## Task directions
Retype, exactly and with both ends included, the lines below from the one containing "Magnussen's Haas is" through the end; omit the pictures.

## Stored data
- - - - - - -
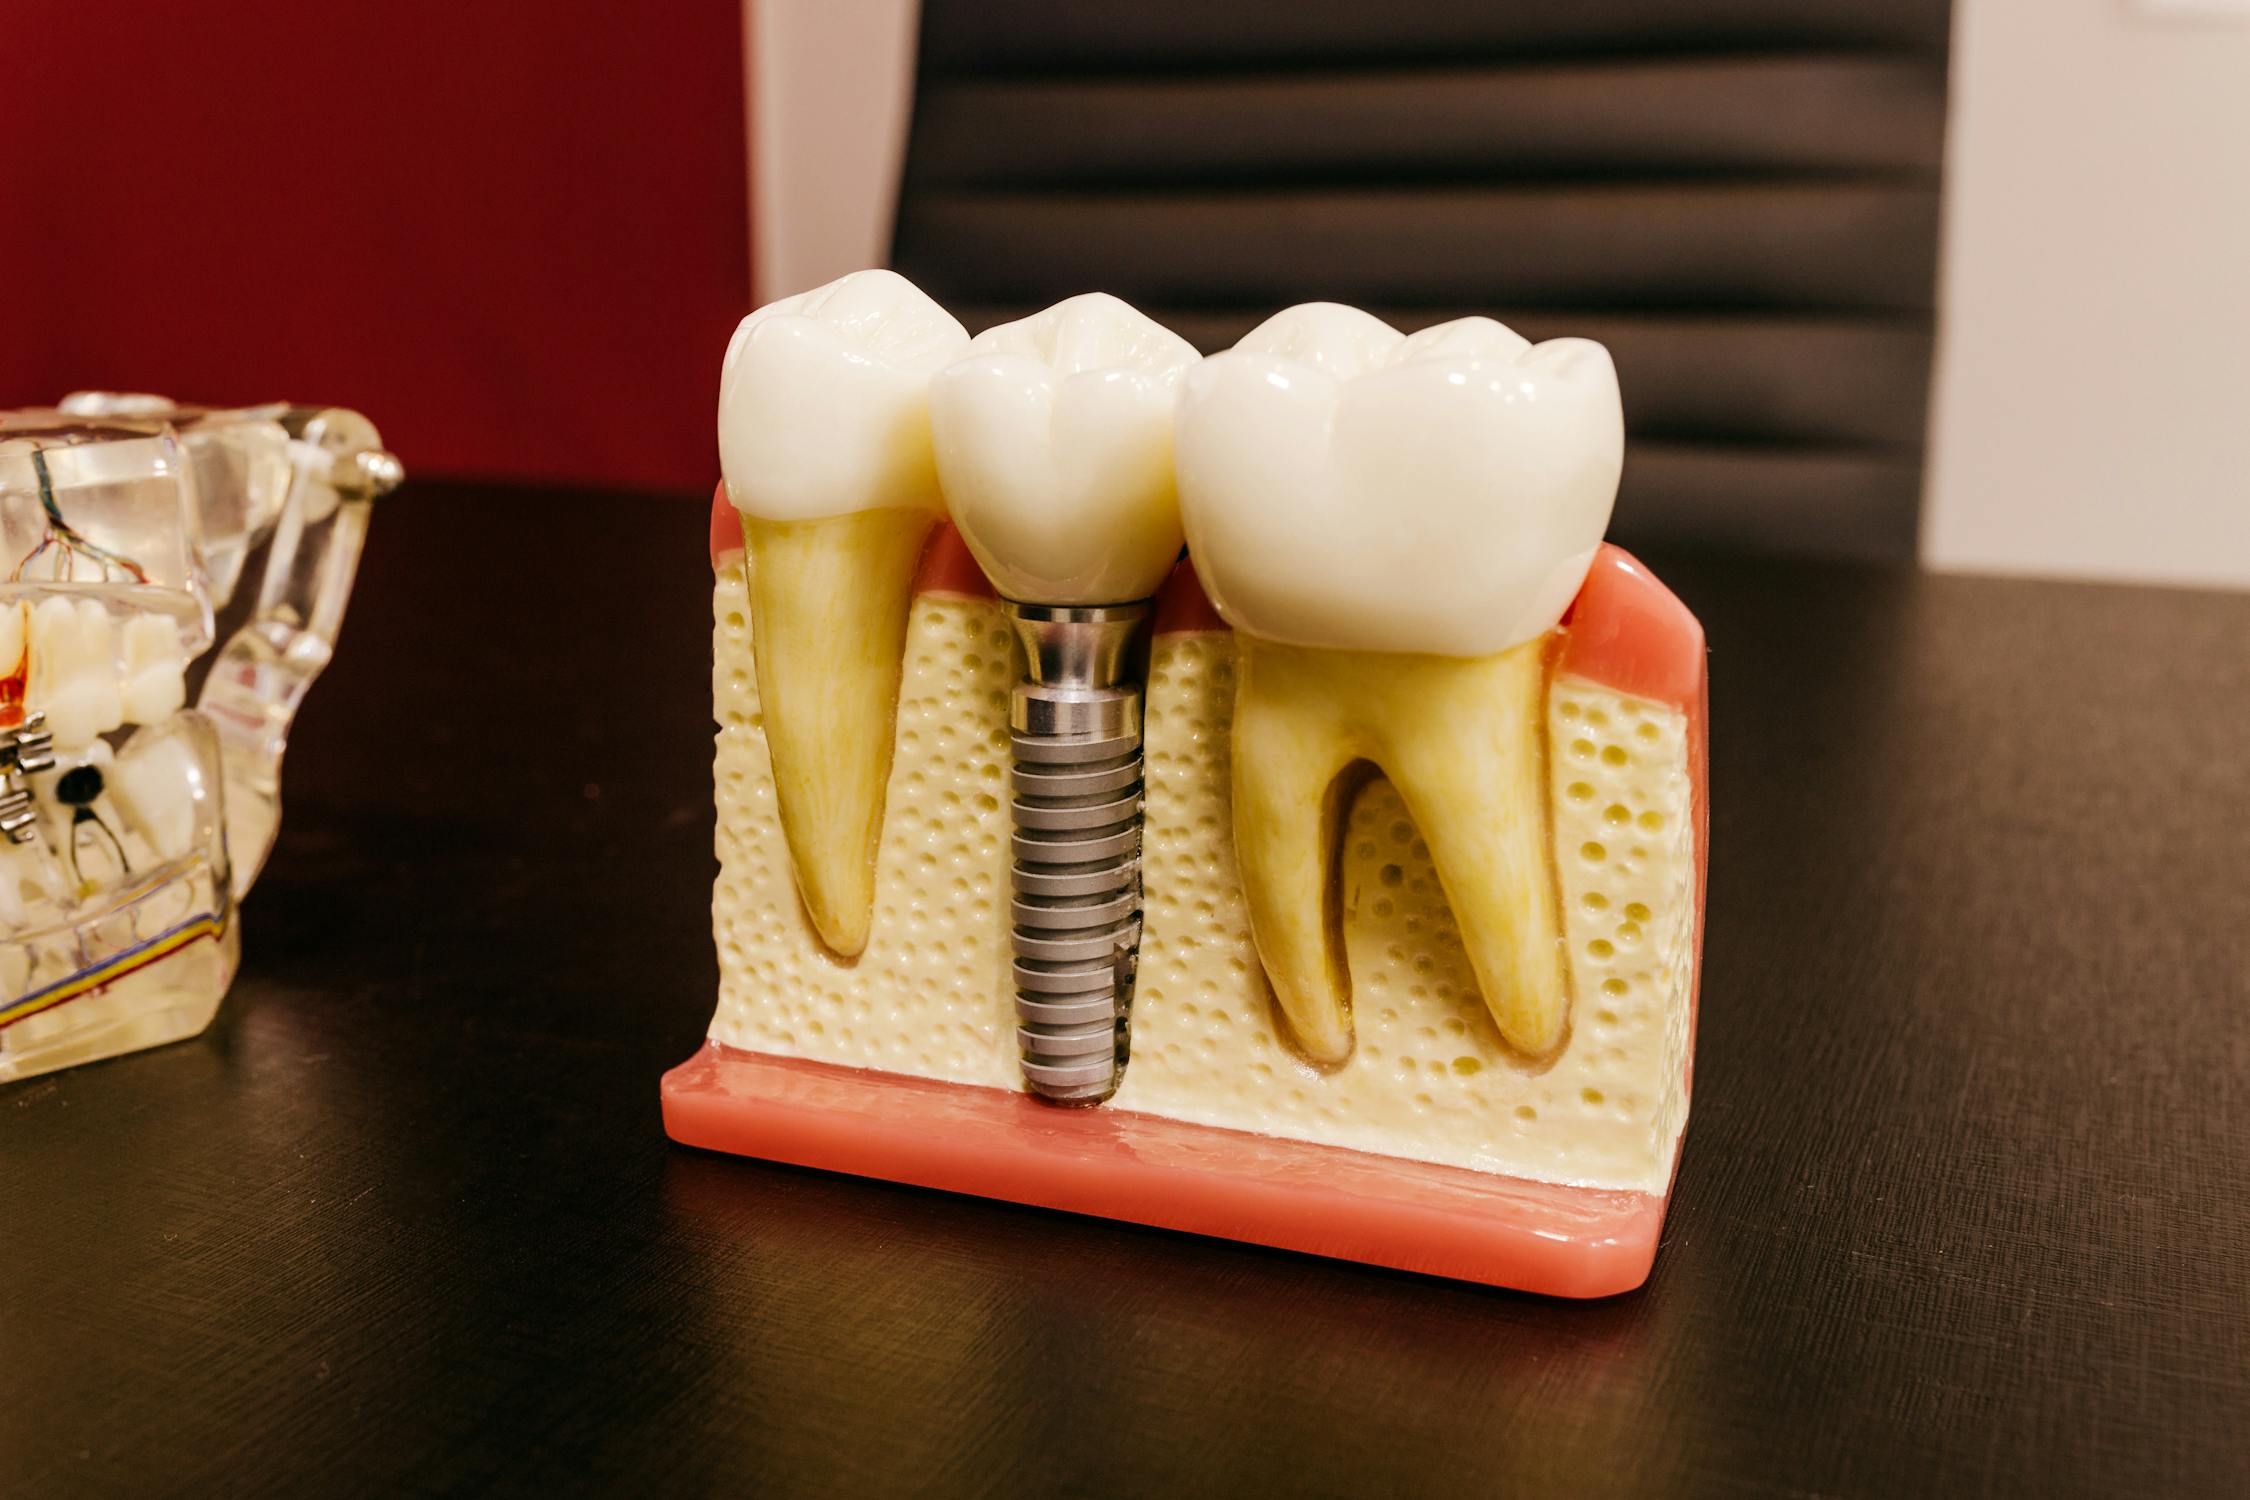 Dental Implants Photo by Jonathan Borba from Pexels
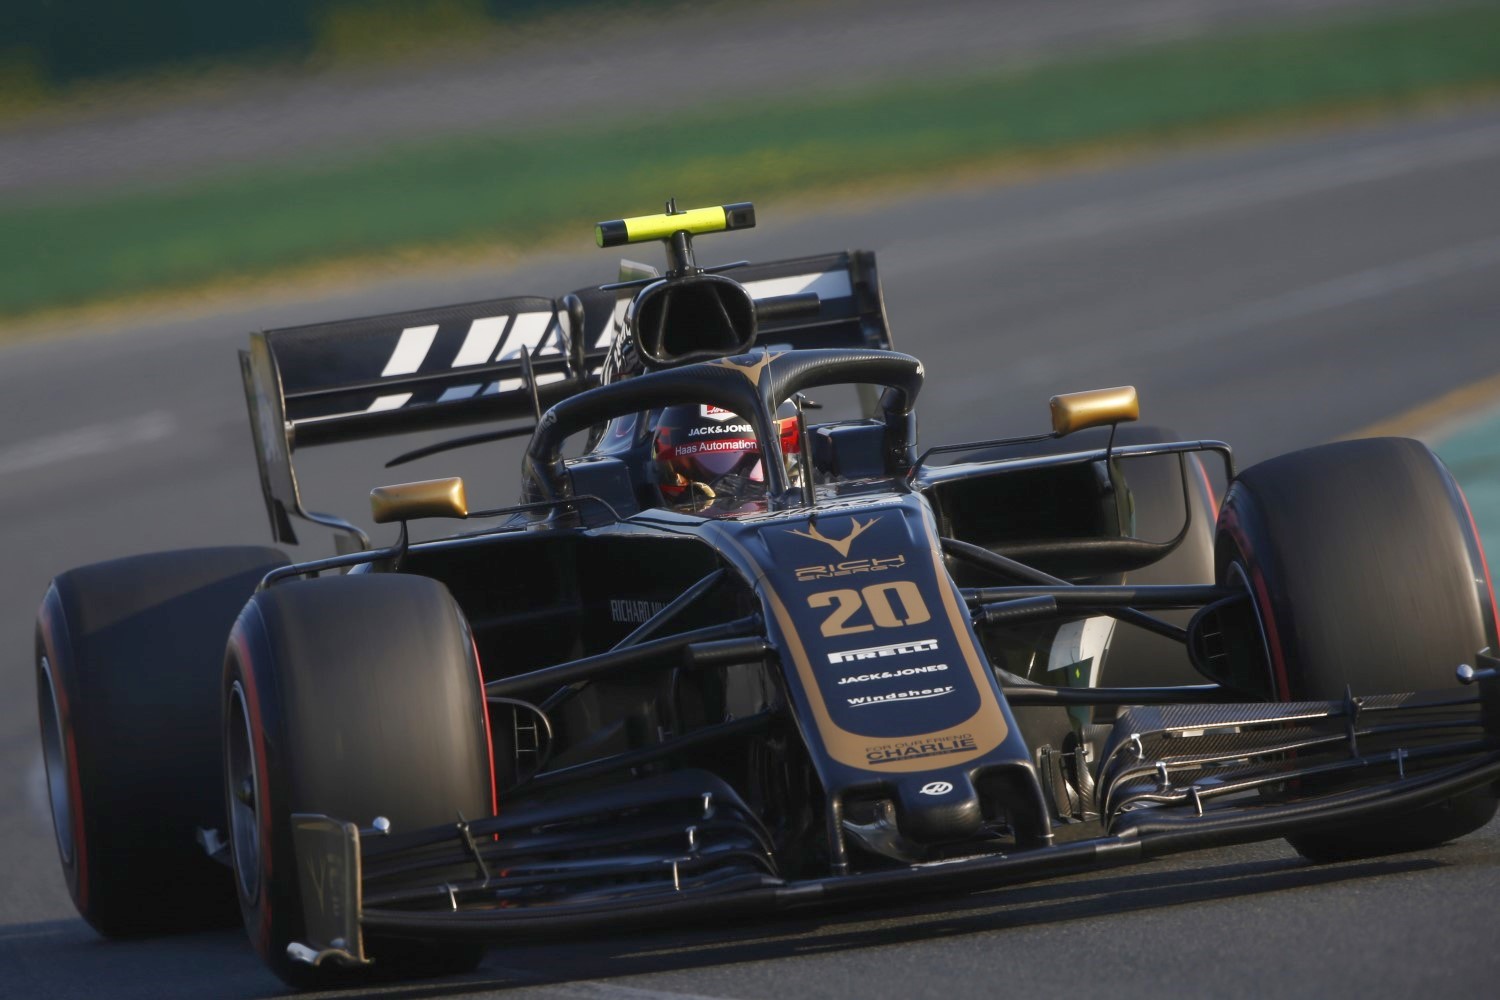 Magnussen's Haas is beating up on big teams like McLaren and Renault
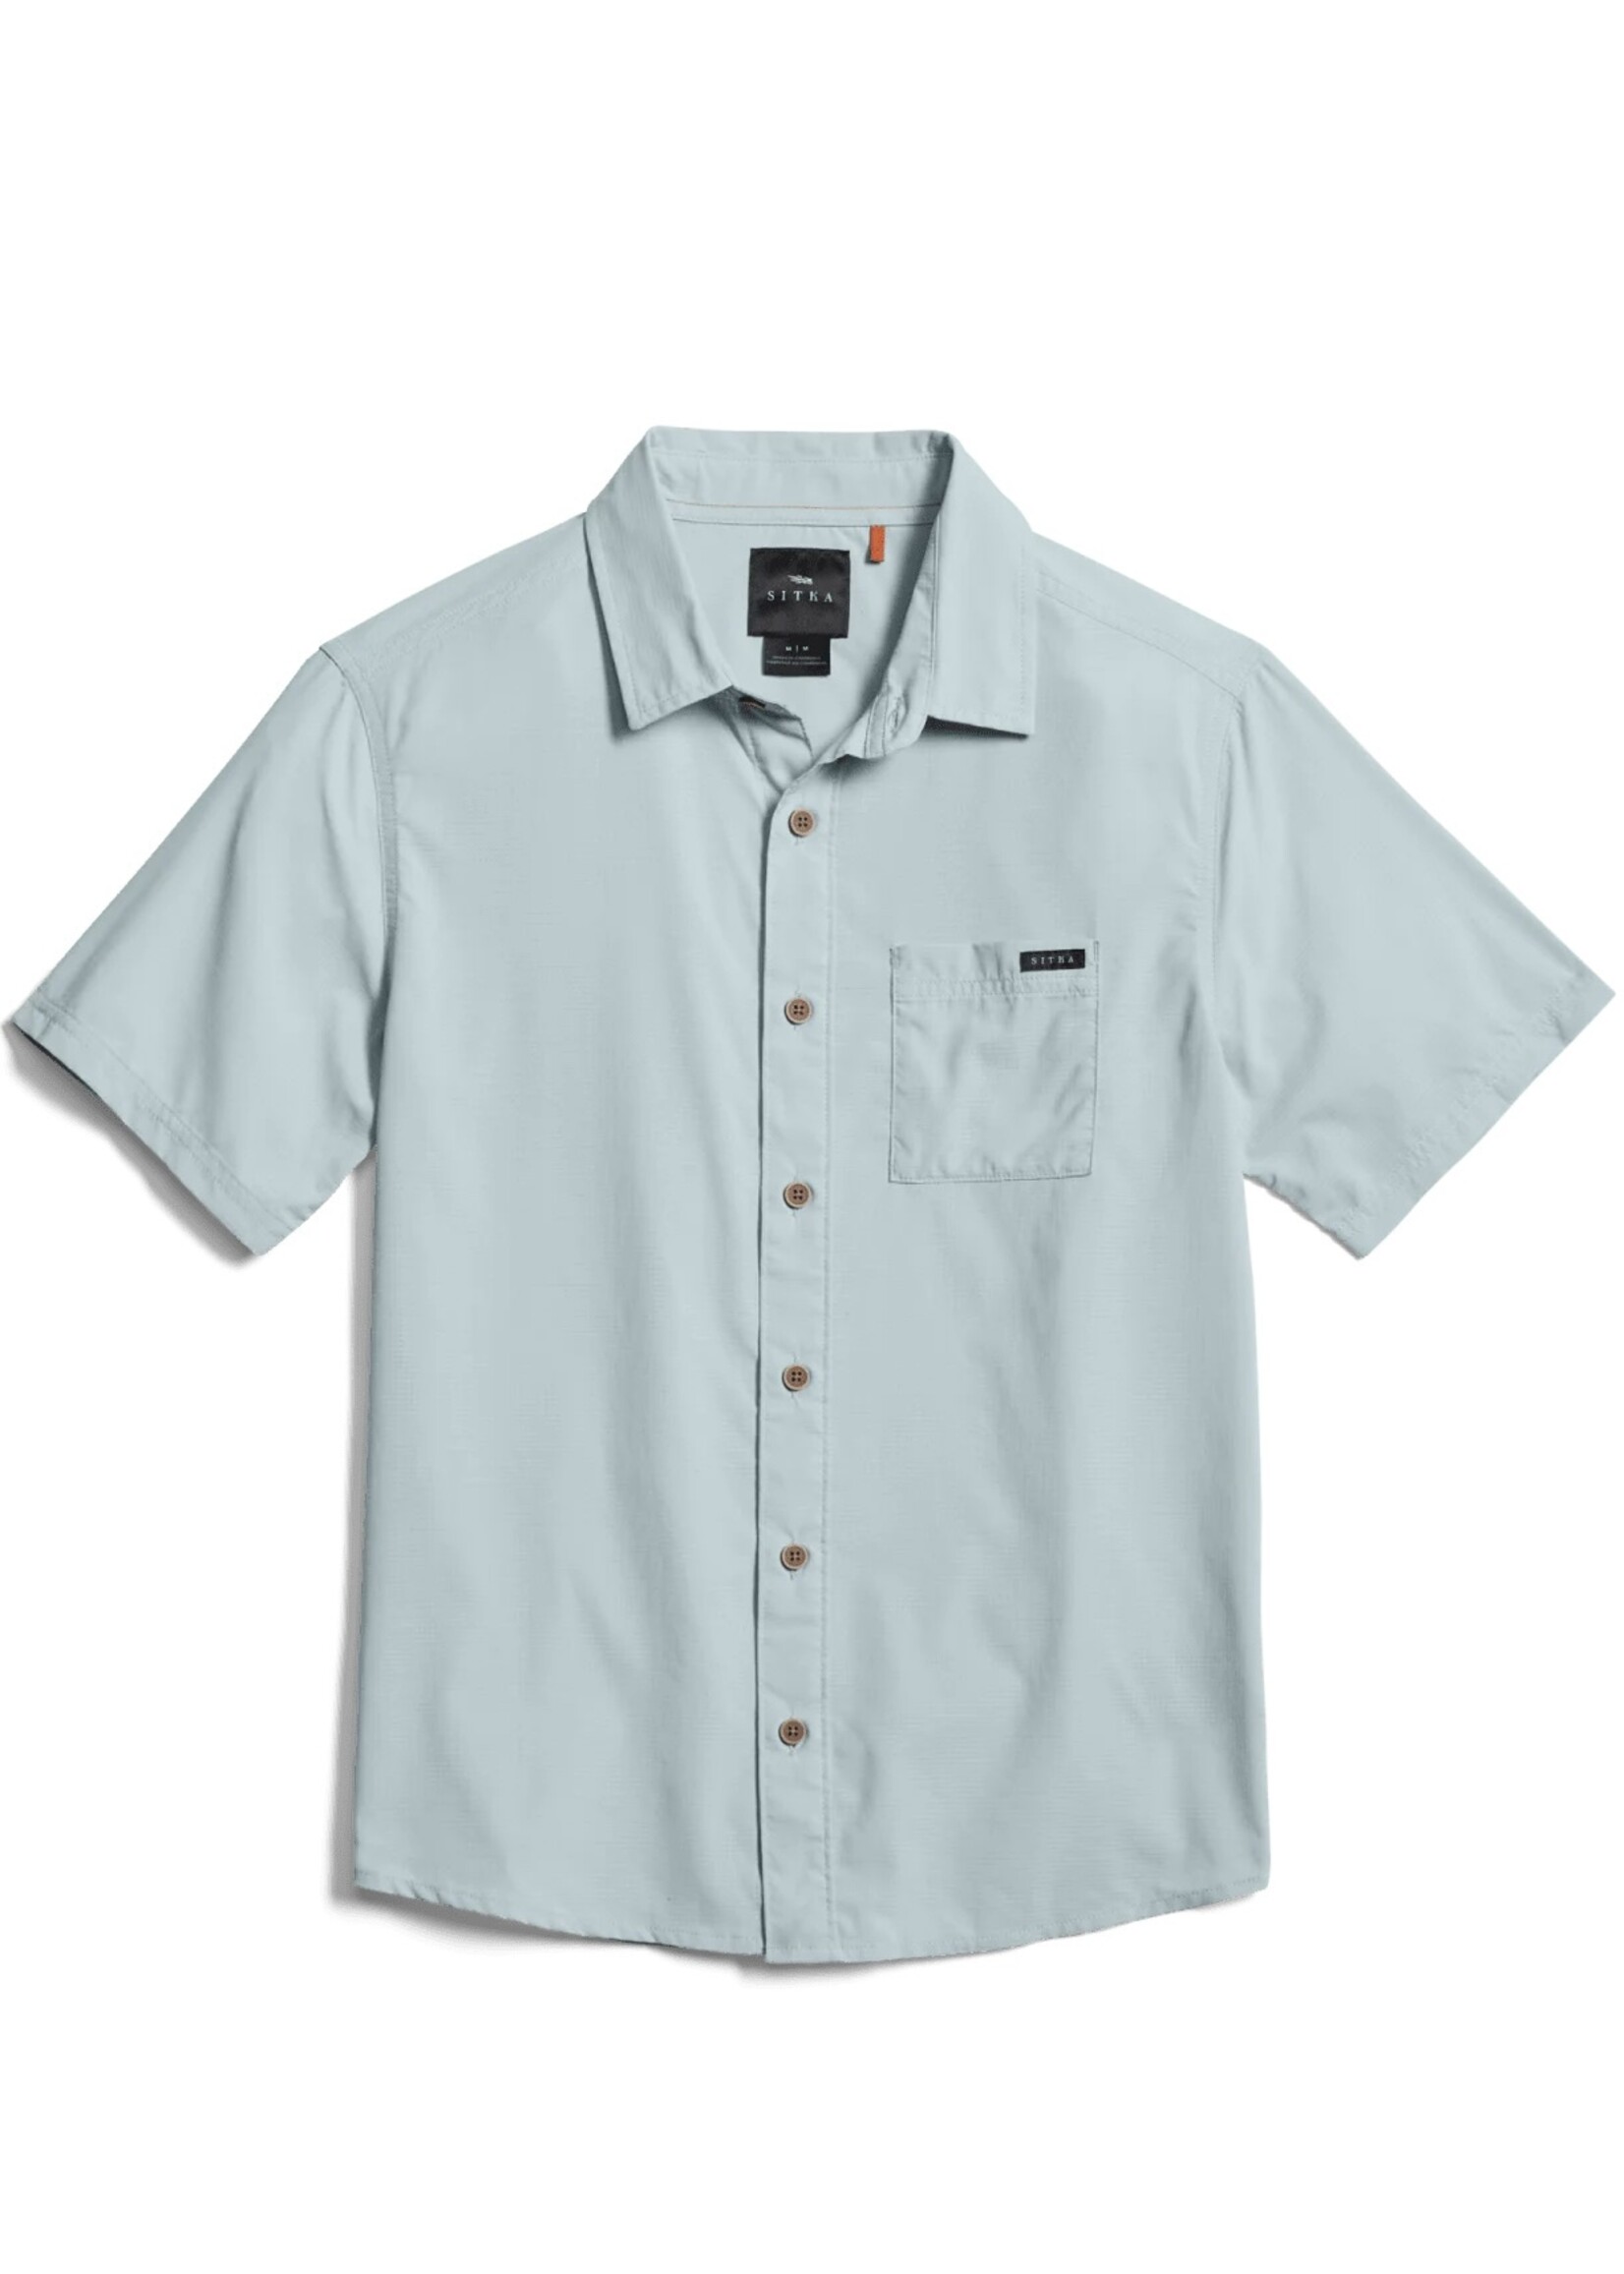 Sitka Gear Mojave SS Shirt
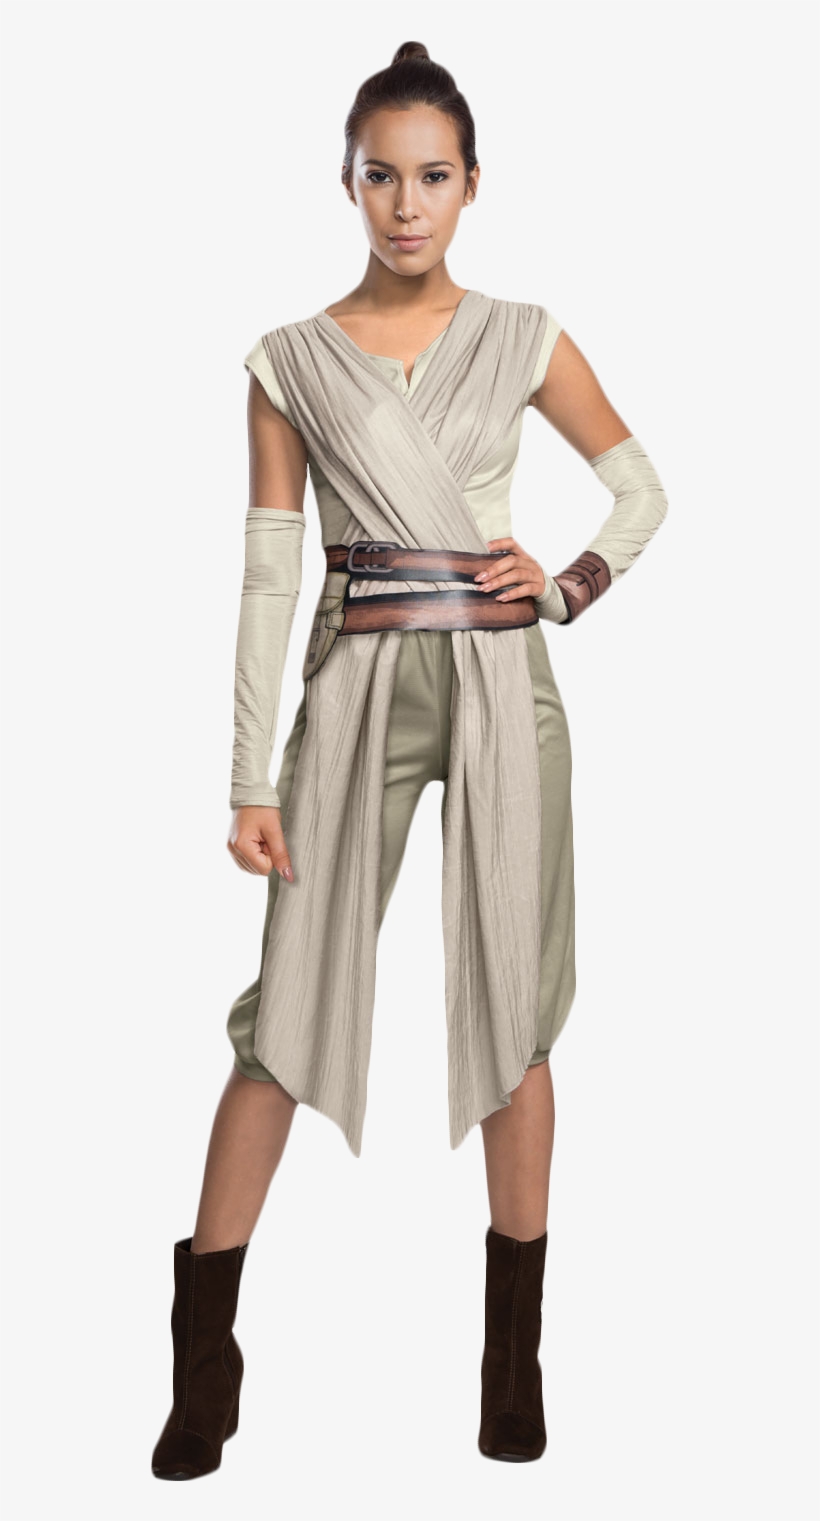 Star Wars Rey Costumes Available At Jedirobeamerica - Women Fancy Dress Ideas, transparent png #1756538
- - - - - - -
## Solution to the problem
 Magnussen's Haas is beating up on big teams like McLaren and Renault
 Sitka Gear Mojave SS Shirt
 Star Wars Rey Costumes Available At Jedirobeamerica - Women Fancy Dress Ideas, transparent png #1756538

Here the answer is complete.